At Quash, progress has rarely been linear. Each phase has been an experiment where some ideas clicked, others fell short, but every turn shaped the system we’re now preparing to ship.
Starting with Bug Reporting
We started by tackling something small but essential: bug reporting. Our open-source SDK, Quash Report, let testers shake their device to capture logs, screenshots, and even AI debugging suggestions. Over a hundred developers used it, which told us we were on the right track. But it also exposed the limits of manual-first QA. Context mattered, but context alone wasn’t enough.
From Automation to Intent
The next phase pushed us toward automation. We assumed code could be the ultimate source of truth where you could just compare branches, generate test cases, validate workflows. That became Quash Automate. It worked well for a while, but we kept running into the same wall: code reflects what was built, not what was meant to be built. That gap in intent was too big to ignore.
So we went upstream. Instead of code, we began with use cases similar to the way QAs think. A PRD-to-test-case generator was accidentally born, which we later refined with Figma integration. Suddenly, the results were strong enough to feel like a breakthrough. And when bigger players started copying the idea, it confirmed we were pushing in the right direction. Still, the bigger realization was this: generation alone doesn’t capture what QAs actually do. They needed to execute, adapt, and validate in real time.
Cracking Execution
That shifted our focus to execution. Early attempts were fragile and broke as soon as the app shifted. We even tried rule based pattern matching, but that lacked context and workflows broke easily. So we shifted to a prompt based execution pipeline to let testers express intent clearly. This was promising at first but AI often forgot the last action, which meant no memory, no progress.
Everything changed when we built episodic memory into the system. Suddenly, the AI could carry goals forward, adapt mid-run, and move through flows with the presence of mind of a human tester.
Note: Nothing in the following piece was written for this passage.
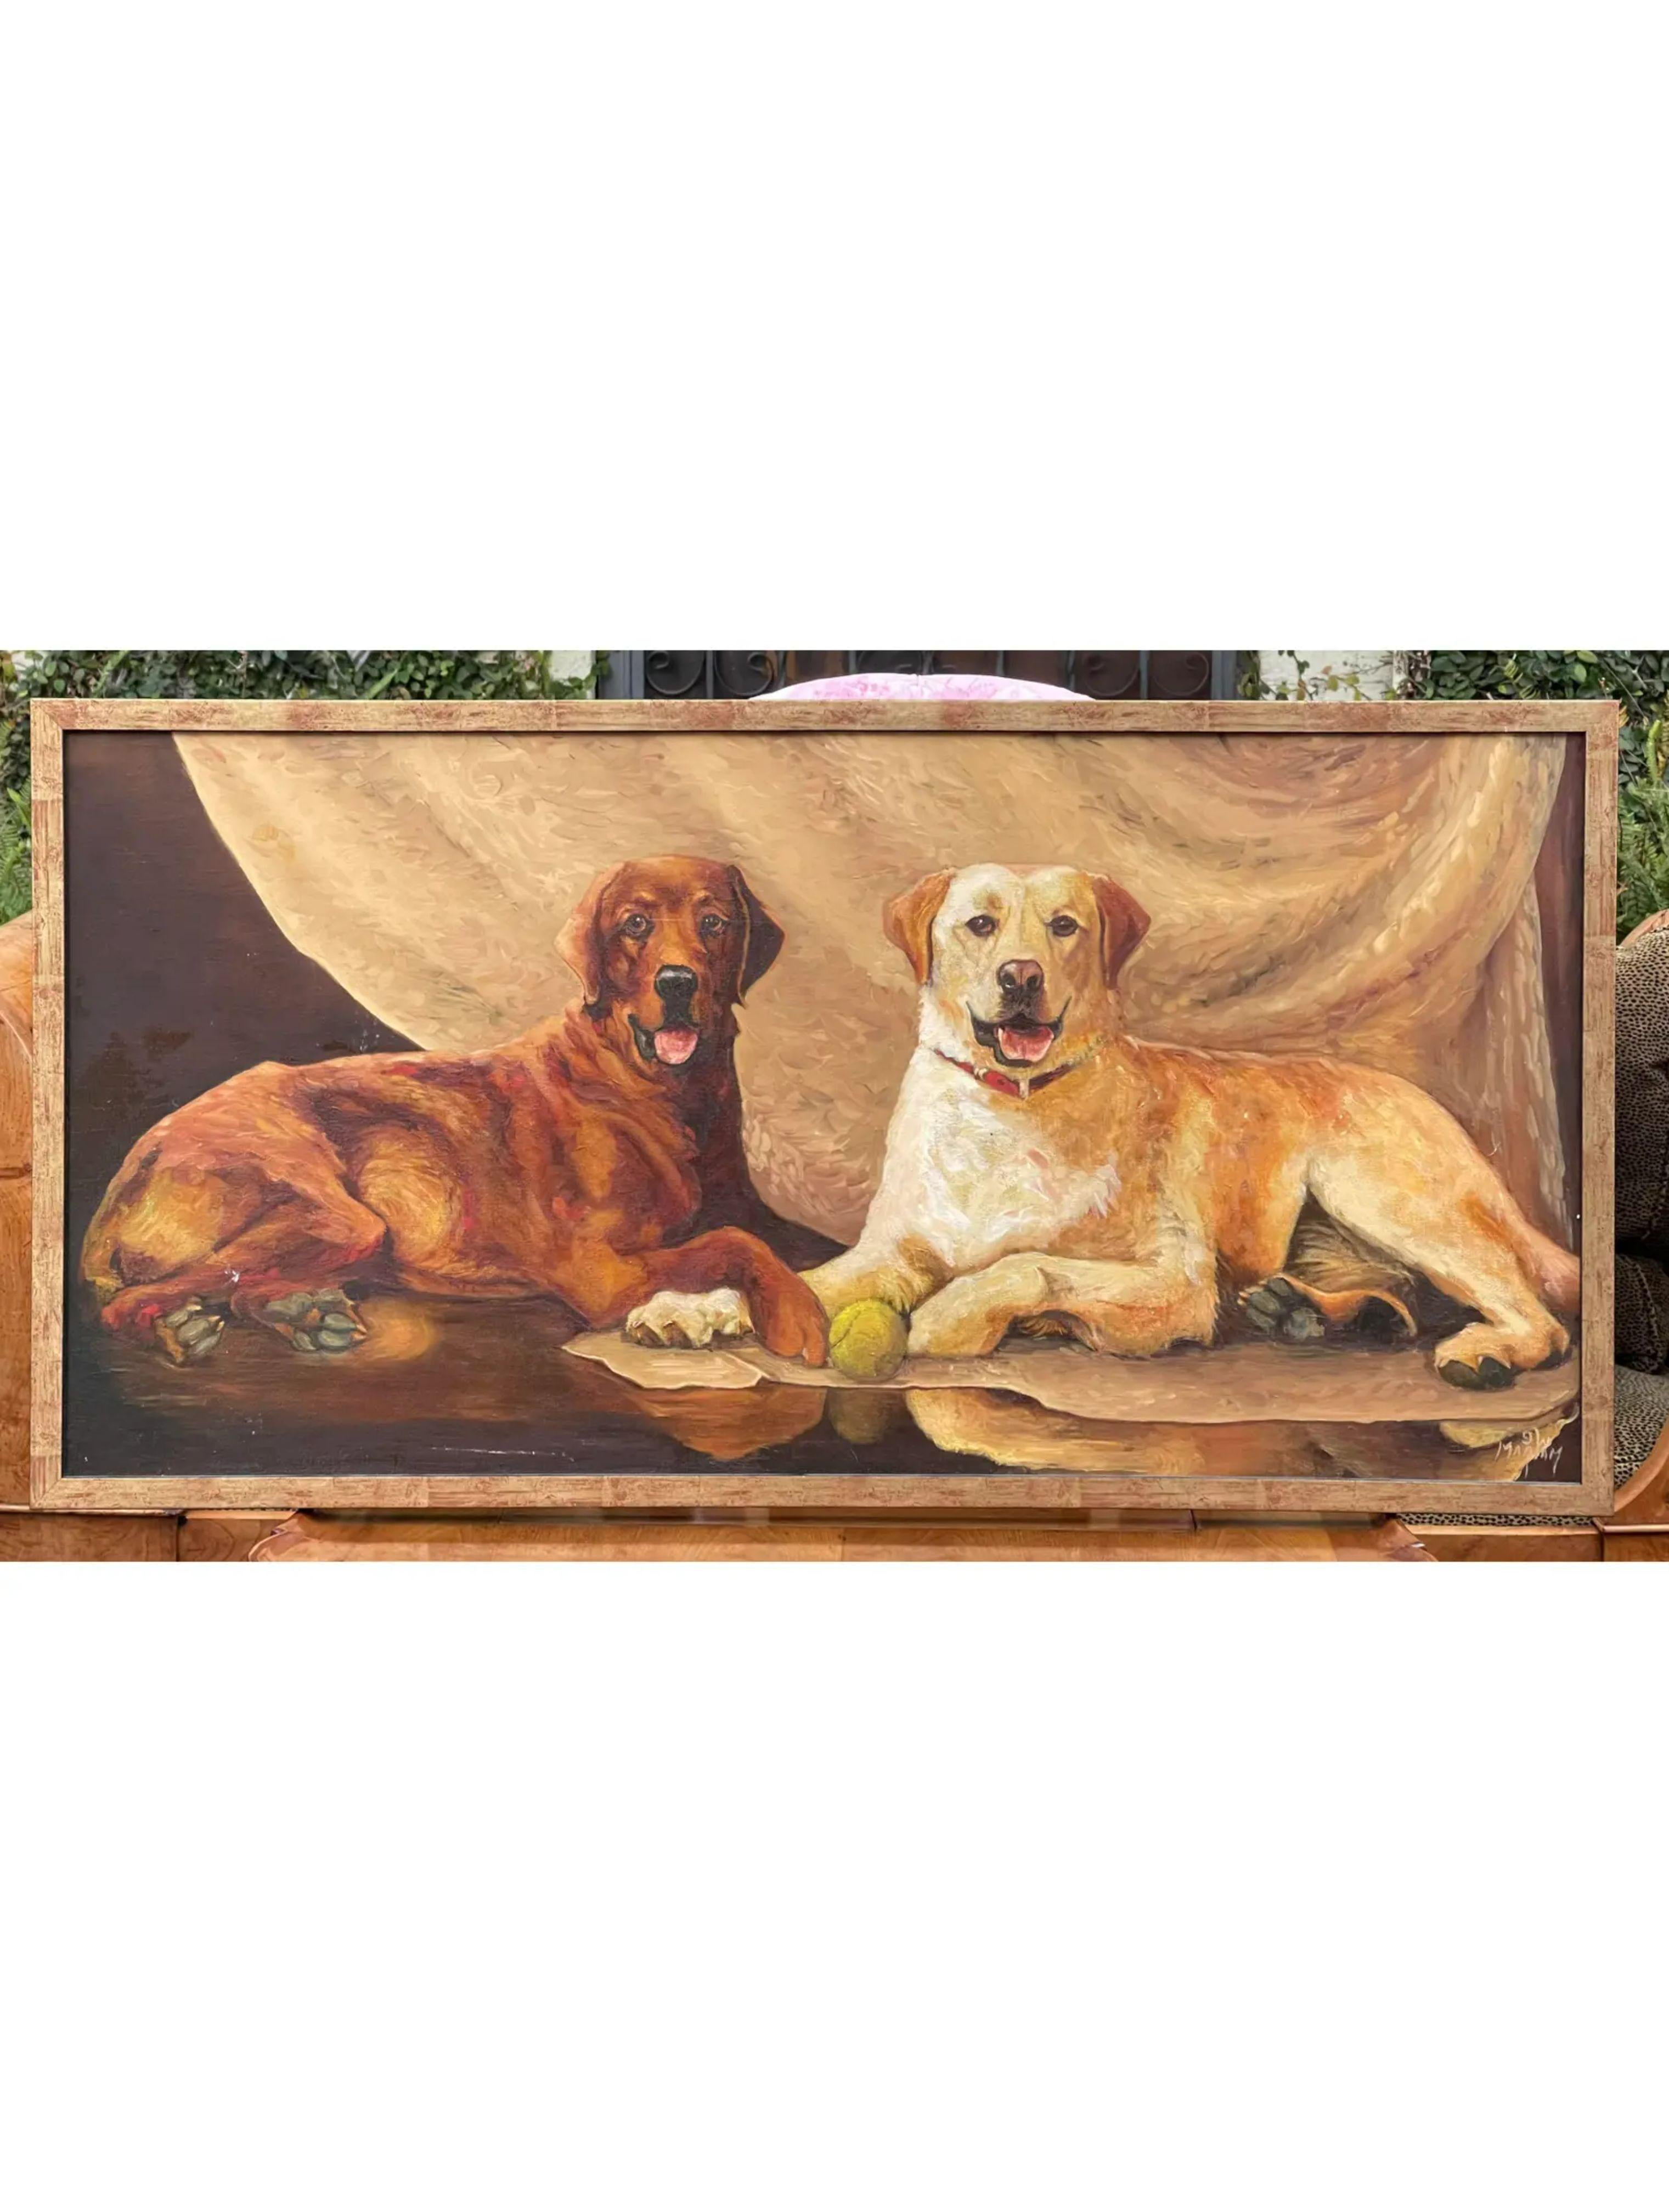 Canvas Vintage Original Oil Painting of 2 Dogs, 1980s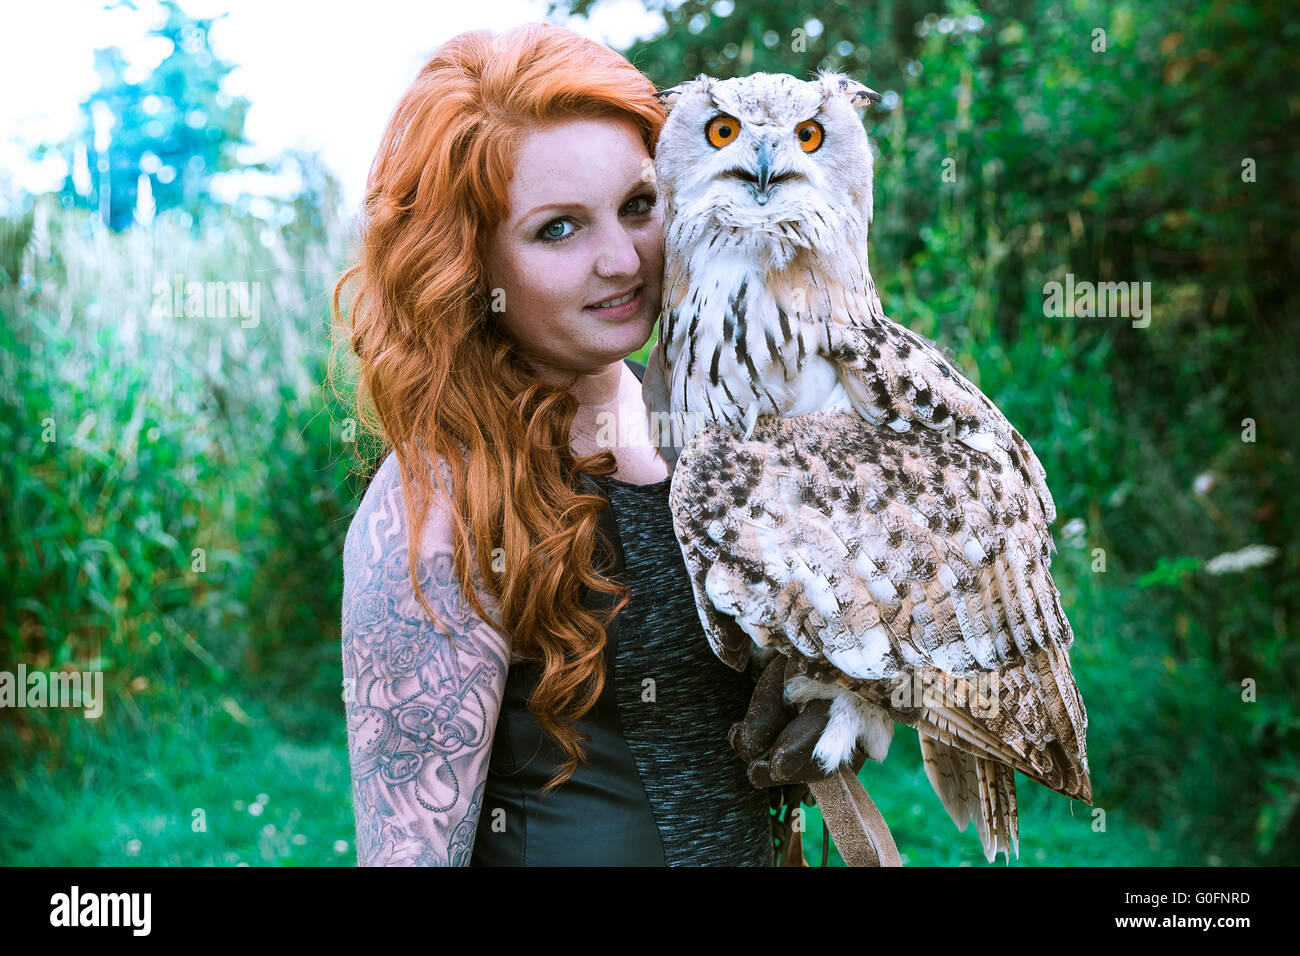 the owl with the lady Stock Photo

On top of that, we layered visual intelligence, cognitive planning, and multi-agent orchestration. What emerged was Mahoraga: our execution engine that doesn’t just follow instructions, but thinks, adapts, and decides.
One Cohesive System
Seeing it in action was one of those moments where the room goes quiet. It ran faster and more precisely than we’d ever seen, making decisions mid-flow like a real user. That clarity forced us to simplify everything around it. Two separate pipelines like generation and execution only added friction. So we folded them into one cohesive system: cleaner, faster, and better at signaling readiness for every release.
The Road Ahead
That’s where we are now. Not a finished story, but a system that’s beginning to match the way testers actually think. It’s taken years of iteration, missteps, and rethinking, but the direction is clear: QA that feels effortless, that moves at the speed of modern software, and that finally makes testing less of a bottleneck.